Também por nota, a Secretaria Estadual diz que, até o momento “o município de Caxias do Sul ainda não cadastrou junto ao Estado o pedido de atendimento especializado para o usuário citado”. Seria obrigação do município fazer esse cadastro caso não tenha condições de realizar o procedimento na própria cidade e precise de encaminhamento para Porto Alegre, diz o texto.
A secretaria Estadual da Saúde informa que a marcação de consultas especializadas em Porto Alegre para pacientes do Interior é, desde novembro de 2011, regulada pelo Estado por meio de um sistema informatizado.
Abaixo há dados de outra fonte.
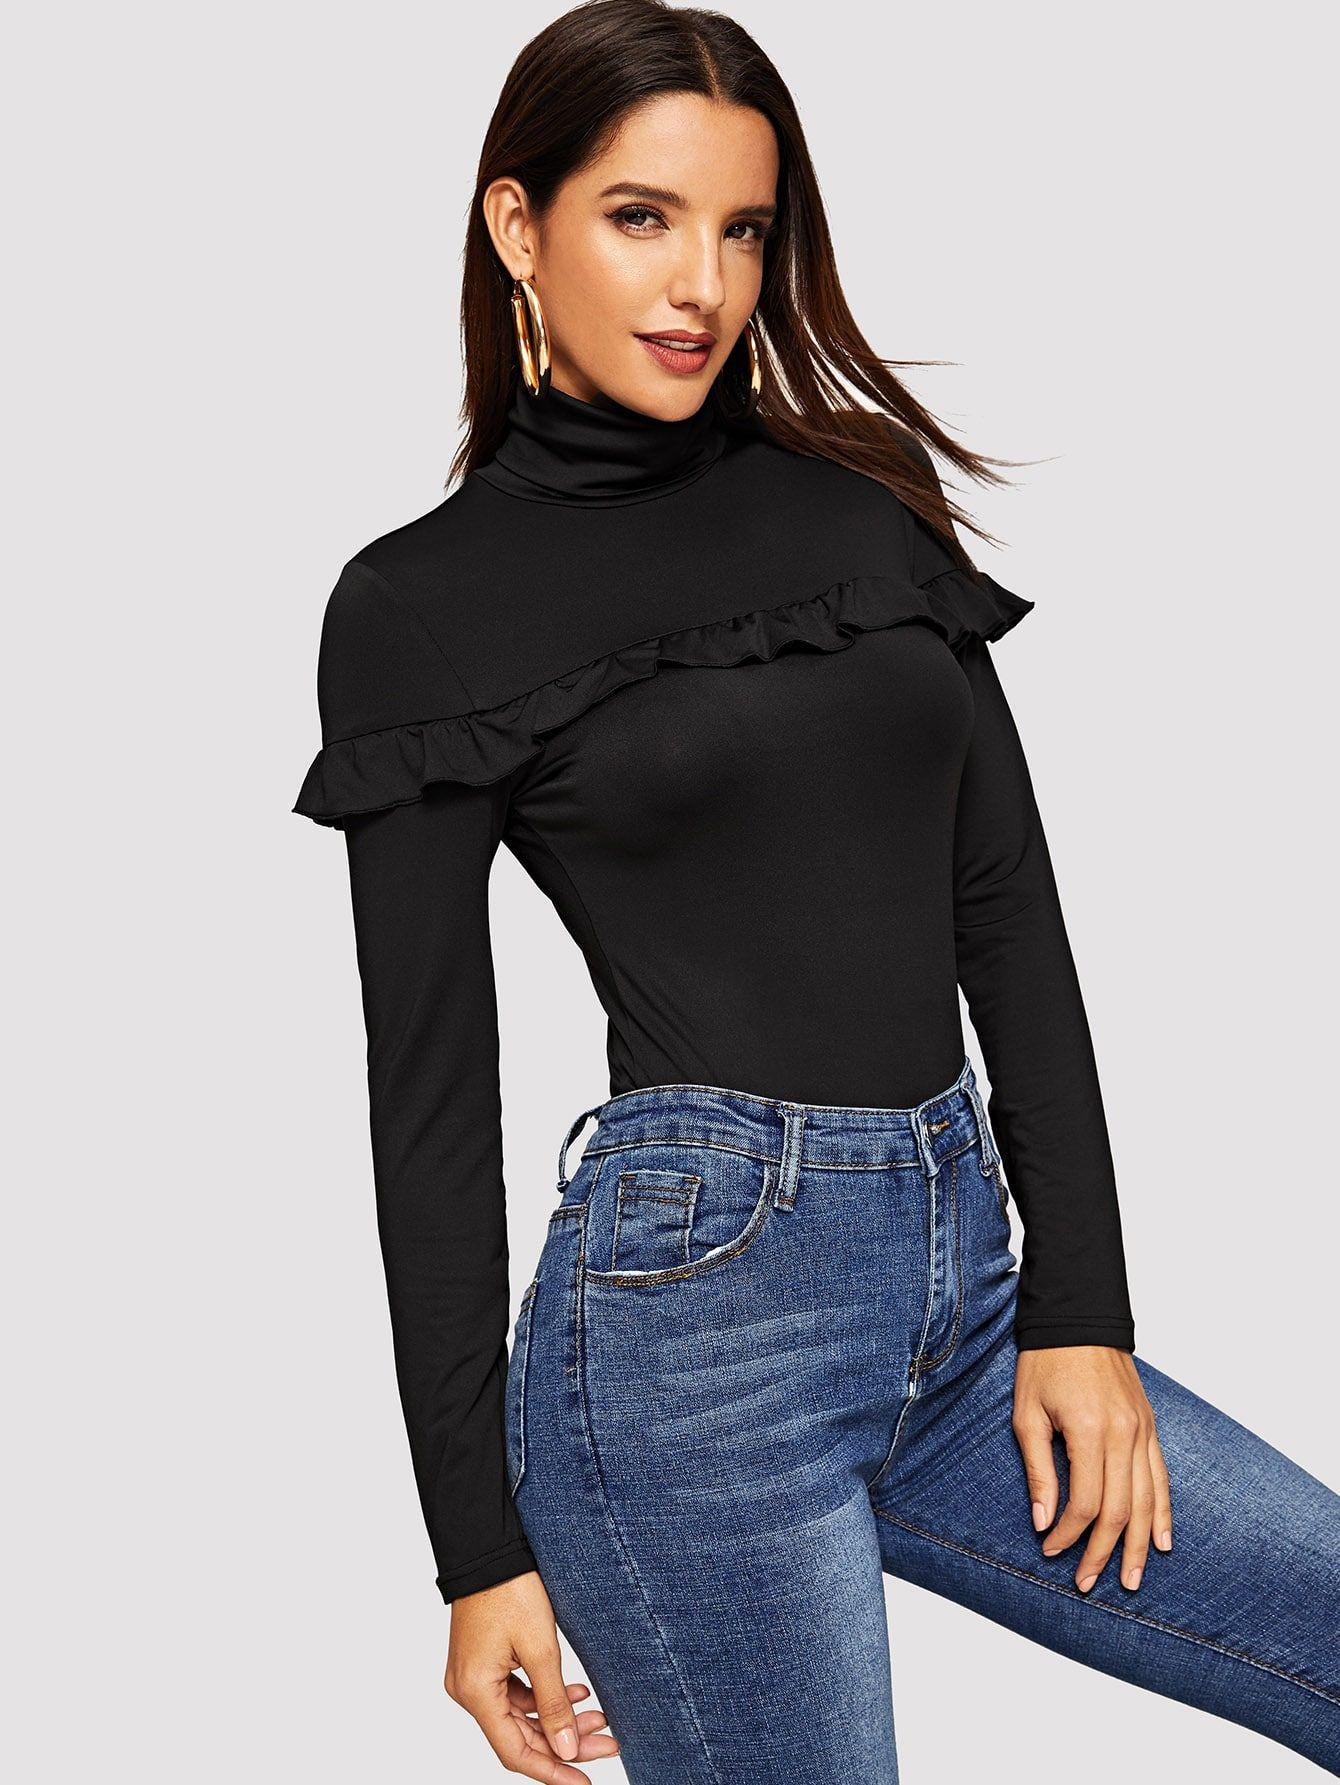 3dcd22c9895 Elegant Ruffle Plain Regular Fit High Neck Long Sleeve Black Regular Length  Turtleneck Ruffle Form Fitted Tee

O município que solicita a consulta faz um cadastro no sistema, e a Central Estadual de Regulação Ambulatorial cruza os dados com a oferta de Porto Alegre para a especialidade necessária. Conforme a disponibilidade, a central marca a consulta e informa a data e o local para o município solicitante, que tem a responsabilidade de informar ao paciente.
Caso a consulta resulte em um encaminhamento para cirurgia ou outro procedimento, esse trâmite se dá dentro do próprio hospital em que a consulta foi realizada, diz a secretaria. Quando o paciente cadastrado é colocado como sem prioridade (sem urgência) a definição de quem será encaminhado é do município dentro da cota que ele possui. “Quando o paciente é prioritário (casos de urgência) ele é direcionado para a cota que o Estado tem específica para esses casos que necessitam de um encaminhamento mais rápido”, ressalta o texto.